The image shows satellite-based rainfall accumulation from July 19 to August 18, 2018. Rainfall peaked in Kerala on July 20 and again reached abnormally high levels between August 8 and 16. Since the beginning of June, the region received 42 percent more rainfall than normal for this time period. In the first 20 days of August, the region experienced 164 percent more rain than normal.
Kerala’s August rain played a part in the nearly once-in-a-century flooding, although the flooding was worsened when water was released from several full dams. Instead of gradually releasing water during drier times, authorities were forced to open 80 dams in the region, including the Idukki Dam, which is one of the largest arch dams in Asia. Thirty-five of those dams were opened for the first time.
“The dam releases came way too late, and it coincided with the heavy rain that was occurring,” said Sujay Kumar, research scientist at NASA’s Goddard Space Flight Center
Intense rainfall events have hit other areas of Southeast Asia as well. Eastern Myanmar experienced torrential downpours in mid-July and August, causing fatalities and displacing 150,000 people in one month. The floods were the worst in 30 years. The Bago and Sittaung rivers swelled to their highest levels in more than five decades, with the Sittaung river 7 feet above danger levels in areas.

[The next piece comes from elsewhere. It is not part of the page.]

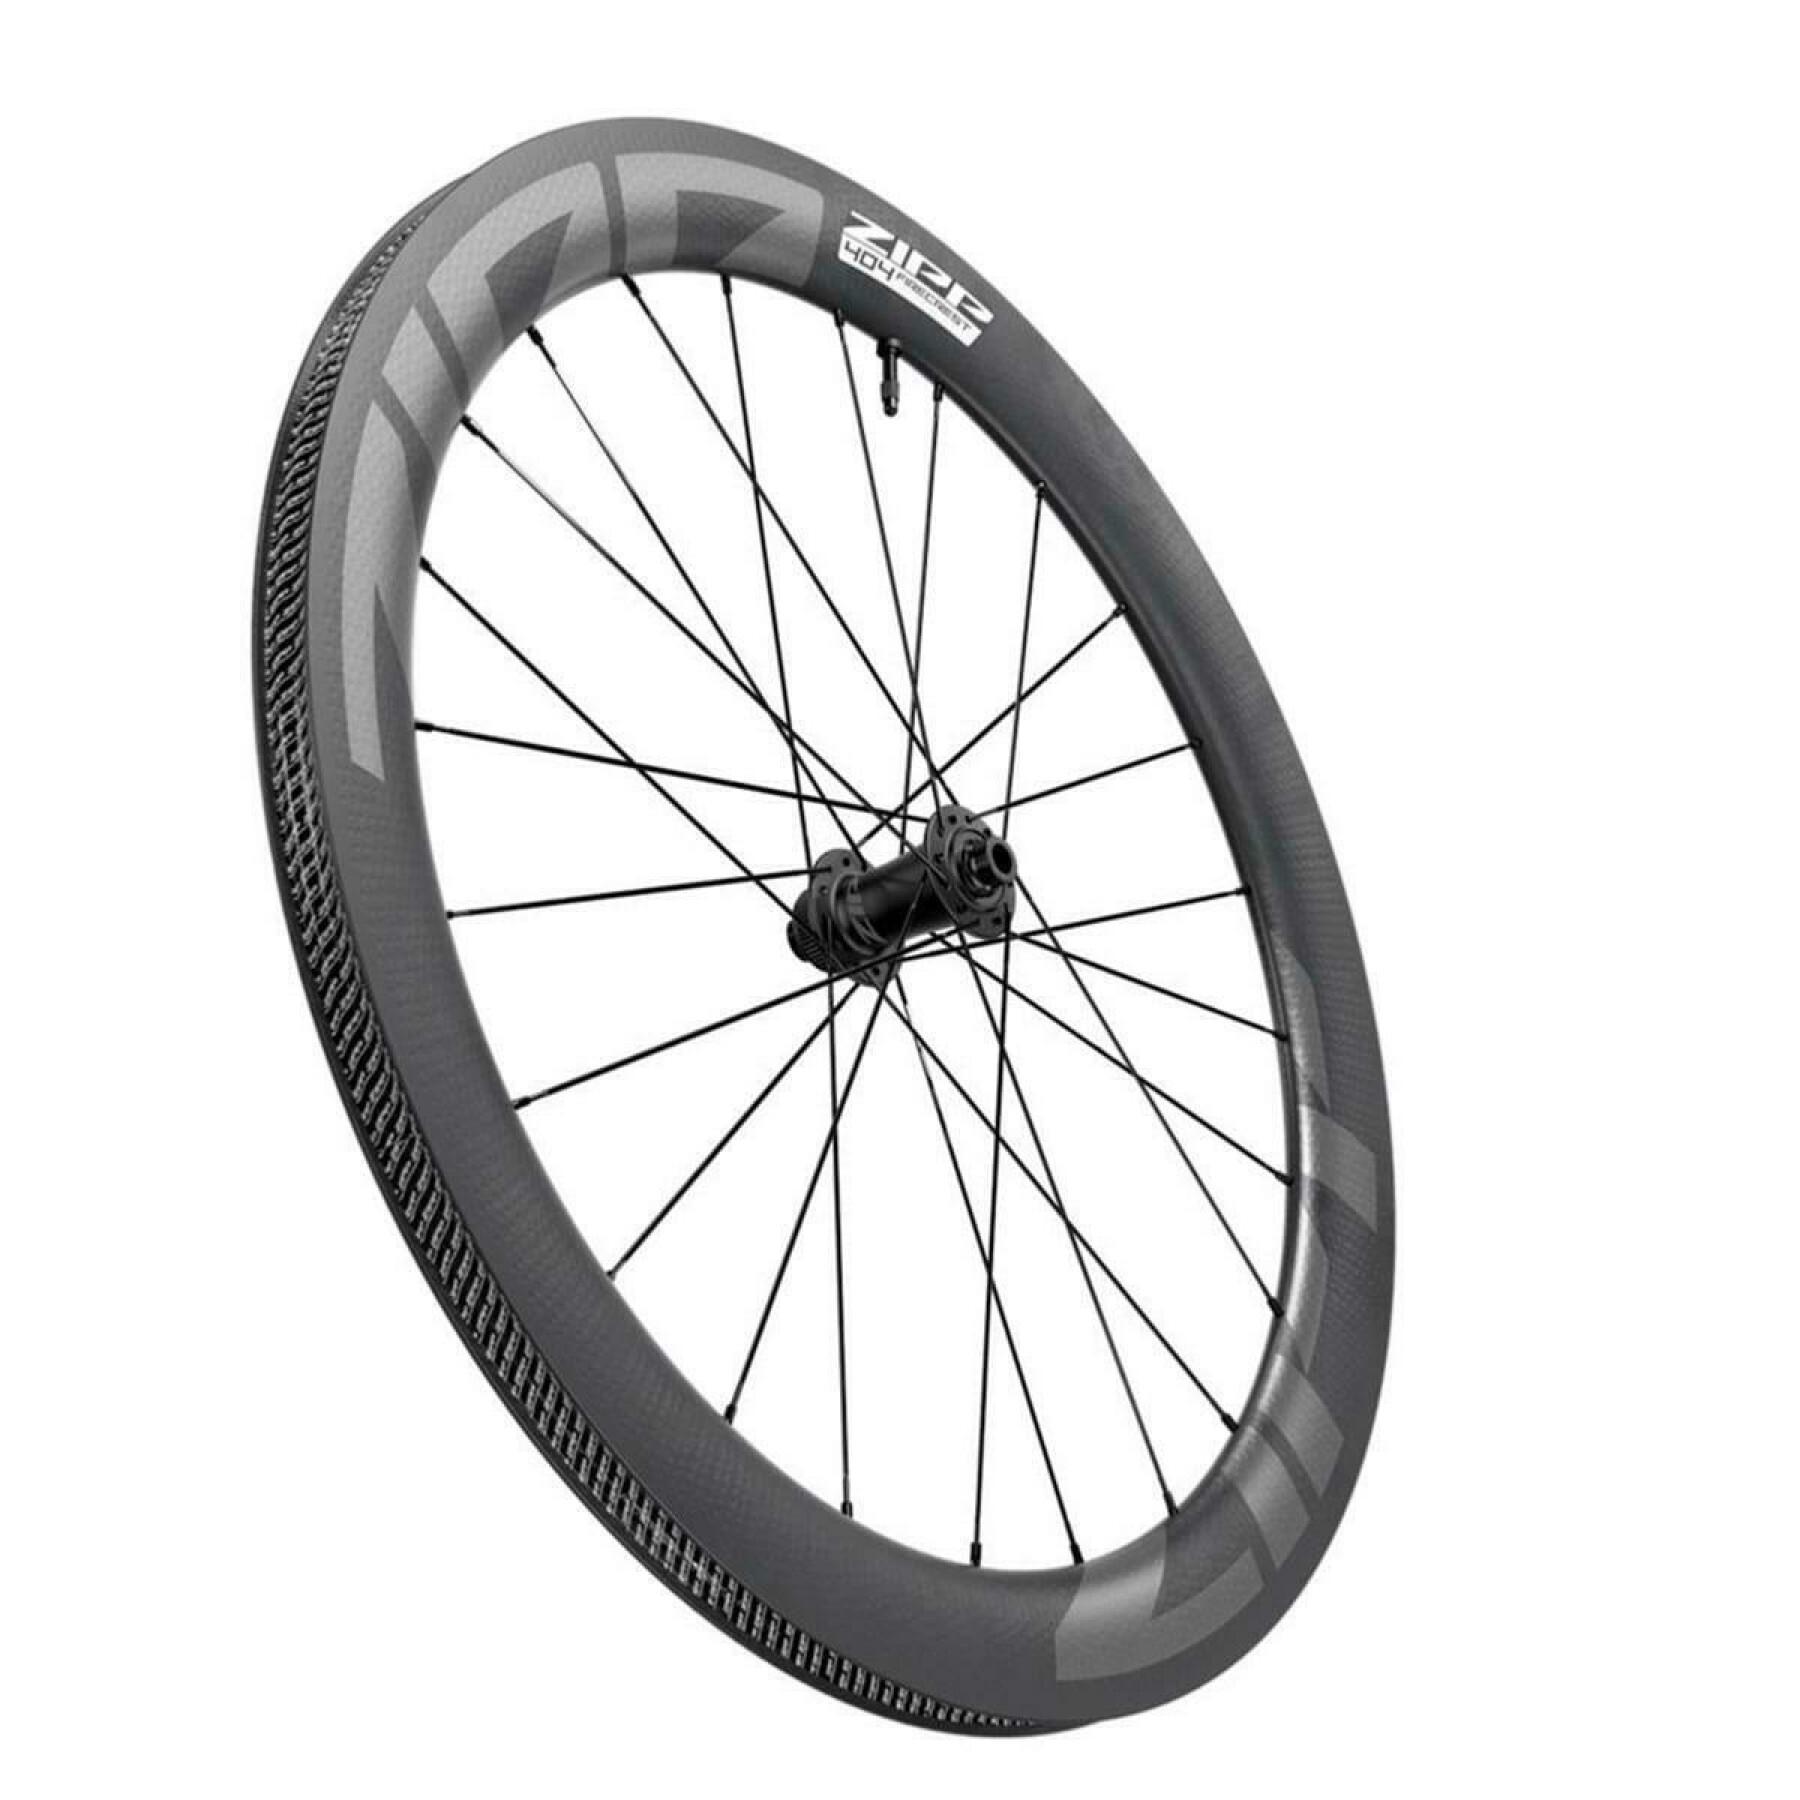 Bike wheel Zipp 404 Firecrest Carbon Tbl Disc Ctl Avant 12X100mm

These rainfall data are remotely-sensed estimates that come from the Integrated Multi-Satellite Retrievals (IMERG), a product of the Global Precipitation Measurement (GPM) mission. The GPM satellite is the core of a rainfall observatory that includes measurements from NASA, the Japan Aerospace Exploration Agency, and five other national and international partners. Local rainfall amounts can be significantly higher when measured from the ground.